Alburnoides maculatus
- Conservation status: Endangered (IUCN 3.1)

Scientific classification
- Kingdom: Animalia
- Phylum: Chordata
- Class: Actinopterygii
- Order: Cypriniformes
- Family: Leuciscidae
- Subfamily: Leuciscinae
- Genus: Alburnoides
- Species: A. maculatus
- Binomial name: Alburnoides maculatus (Kessler, 1859)
- Synonyms: Alburnus maculatus Kessler, 1859

= Alburnoides maculatus =

- Authority: (Kessler, 1859)
- Conservation status: EN
- Synonyms: Alburnus maculatus Kessler, 1859

Species of fish

Alburnoides maculatus, the Crimean spirlin or Crimean riffle minnow, is a species of small (7.3 cm max length) freshwater fish in the family Leuciscidae. It is endemic to the Crimea Peninsula.

==Taxonomy==
Alburnoides maculatus was first formally described as Alburnus maculatus in 1859 by the Baltic German zoologist Karl Fedorovich Kessler with its type locality given as the Salghir River at Simferopol in Crimea, Ukraine. This taxon has been regarded as a synonym of the schneider (A. bipunctatus) but is now accepted as a separate valid species. In 1861 Ludwig Heinrich Jeitteles placed Alburnus maculatus in the monospecific genus Alburnoides, meaning this taxon is the type species of that genus by monotypy.

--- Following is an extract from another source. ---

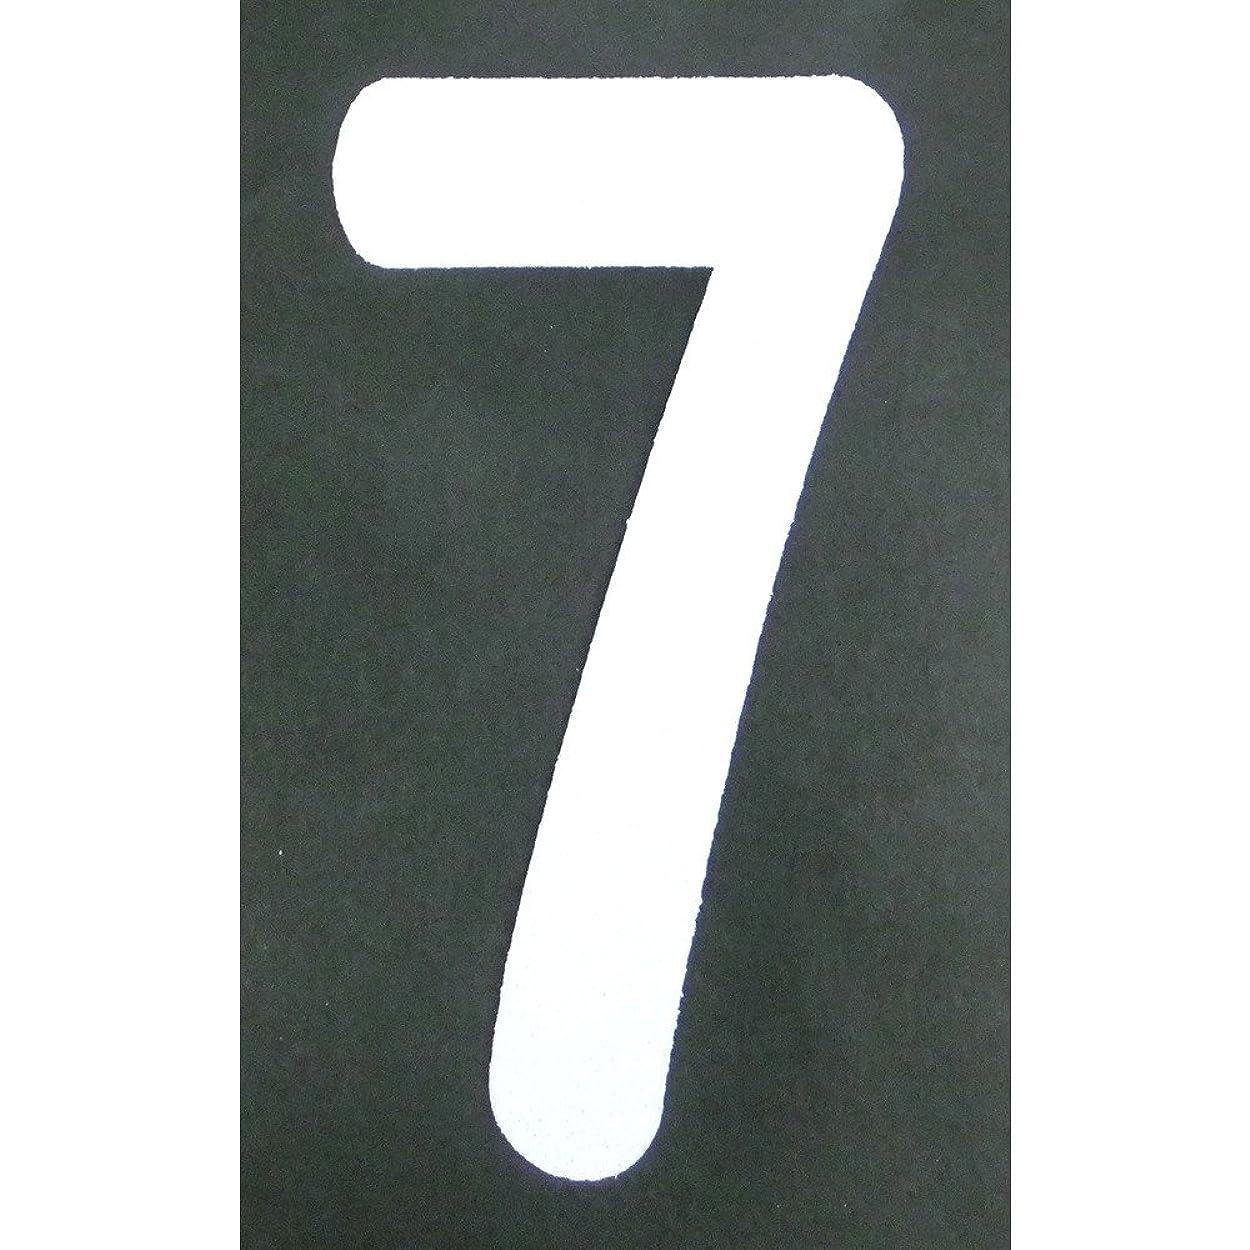 組み込む南ソーセージ新富士バーナー ロードマーキングシリーズ ナンバーS (7) RM-107

The genus Alburnoides is classified in the subfamily Leuciscinae of the family Leuciscidae.

==Etymology==
Alburnoides maculatus belongs to the genus Alburnoides, this name suffixes -oides on to the genus name Alburnus, which is Latin for whitefish but also refers to the bleak, a name which means pale in English, in reference to the pale non lustrous colour of Alburnus alburnus. The suffix -oides is used to indicate that this taxon is similar to Alburnus, with the type species of the Alburnoides being Alburnus maculatus. The specific name, maculatus, means "spotted", a reference to the black spots on the scales on the flanks which also mark the lateral line.

==Identification==
Alburnoides maculatus is similar to the schneider A. bipunctatus but a morphological analysis showed that features such as the pharyngeal teeth, meristics and other morphological characters in combination clustered together and separately from the related species in southeastern Europe and Western Asia, confirming its validity as a species.

==Distribution and habitat==
Alburnoides maculatus is endemic to the southern Crimean Peninsula, where it is found in the Chornaya, Belbek, Kacha and Al'ma river systems. The population in the Salgir river, the type locality, may be the result of an artificial introduction. The Crimean spirlin lives in shallow stretches of rivers where there is a fast current and a substrate of gravel, pebbles or rocks.